Rosy Perez

On Friday, Oct. 18. at approximately 1:30 p.m., an email went out to Texas Wesleyan students, faculty and staff alerting them about a gas leak that lead to the evacuation of the Dan Waggoner Hall, Dan Waggoner Hall Annex and the Nenetta Burton Carter Building.

“Security found out about the gas leak when we heard the fire truck coming,” said Wesley Security Manager Blake Bumbard.

Text alerts for such emergencies are offered at Wesleyan if you are registered for them, but some students who were registered never received texts about what was going on at the school.

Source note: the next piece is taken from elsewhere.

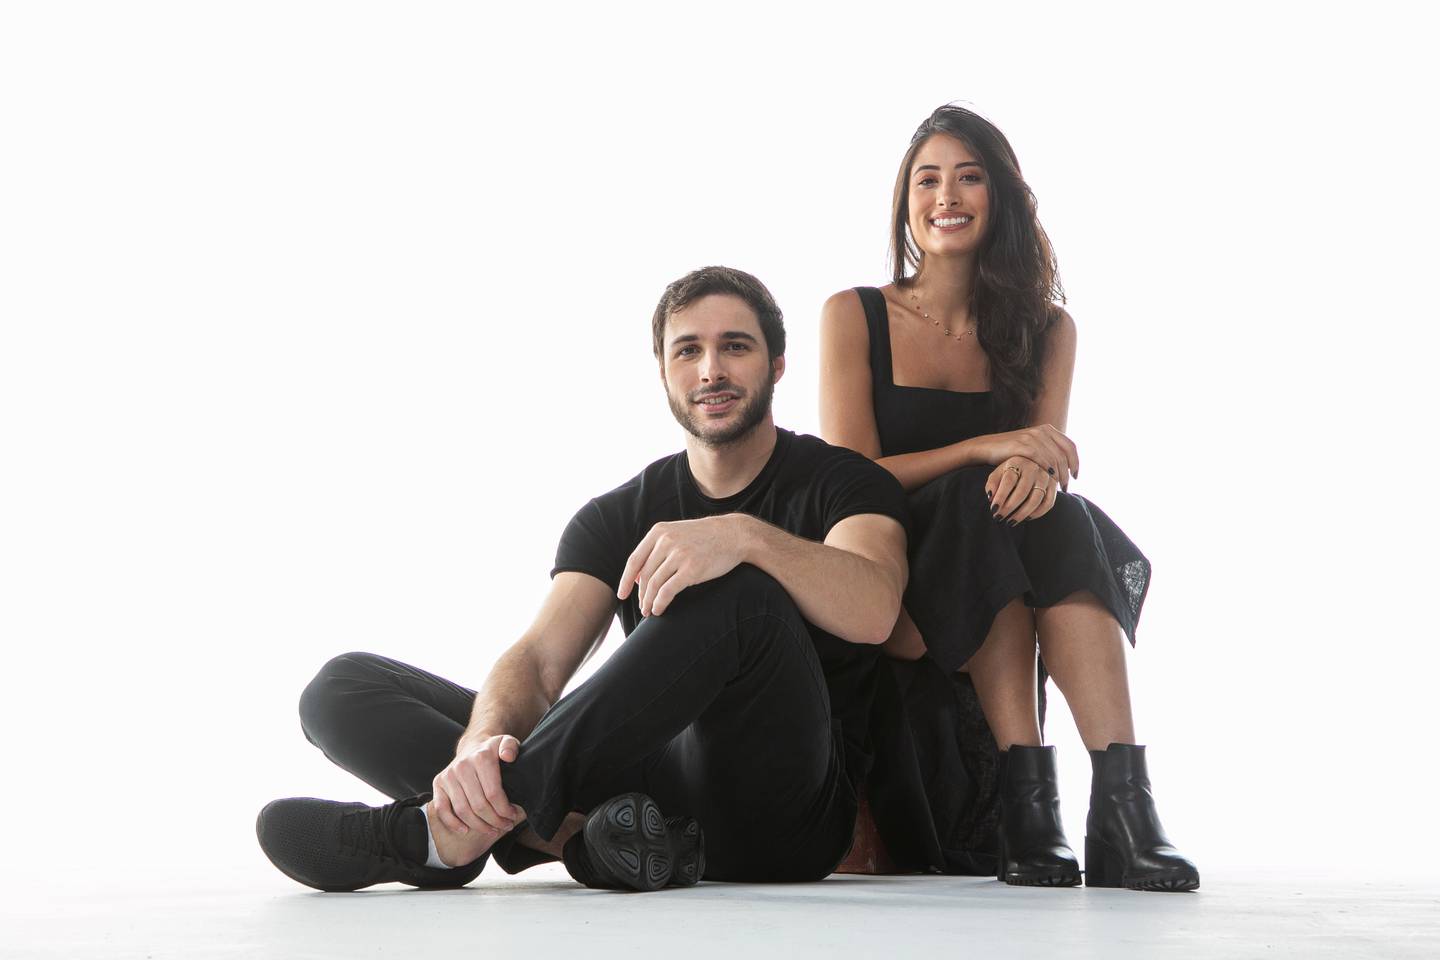 Fabio Rodas and Bruna Vaz, co-founders of Shopper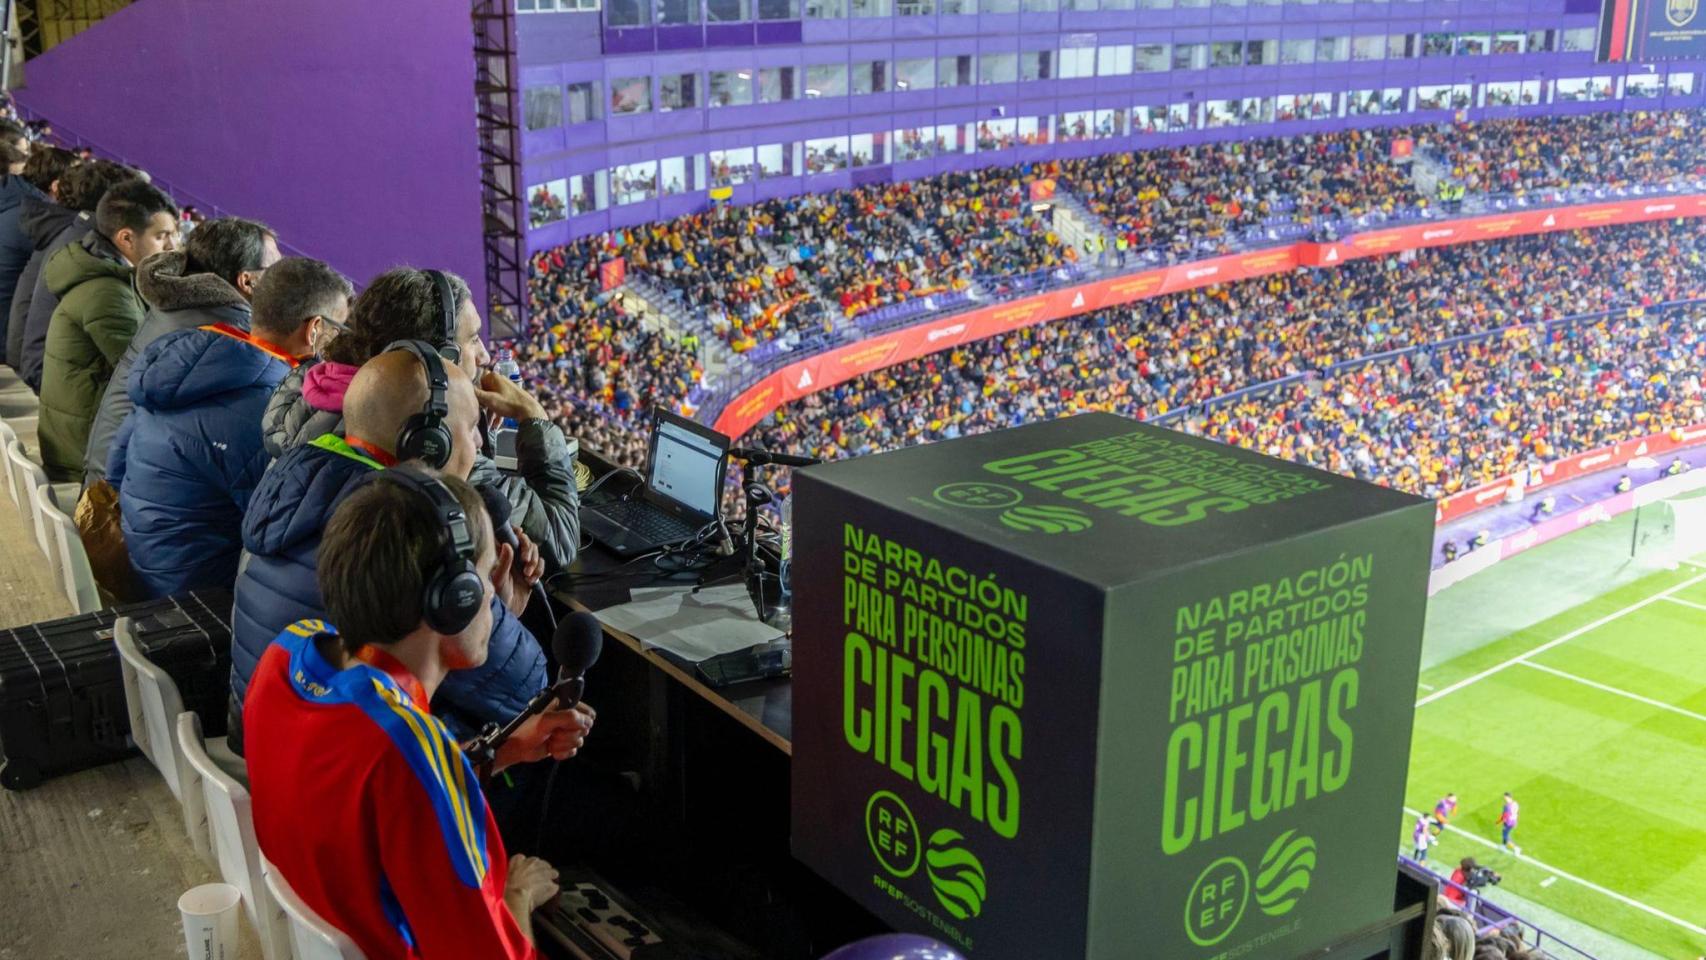 Sistema de narración para personas invidentes en un partido de la selección española de fútbol.

In one class of about 25 students, just five were registered for text alerts.

Out of those five students, none of them received the alert. However, as long as your current text is updated, you are enrolled in the alerts.

One professor on campus mentioned that her cell phone and office phone were constantly informing her about the situation. Another student said she kept receiving several emails saying the problem had been fixed on Oct. 21.

“People are automatically enrolled in the Wesleyan Emergency Management System,” said Service Desk Analyst Abbey R. Wilson.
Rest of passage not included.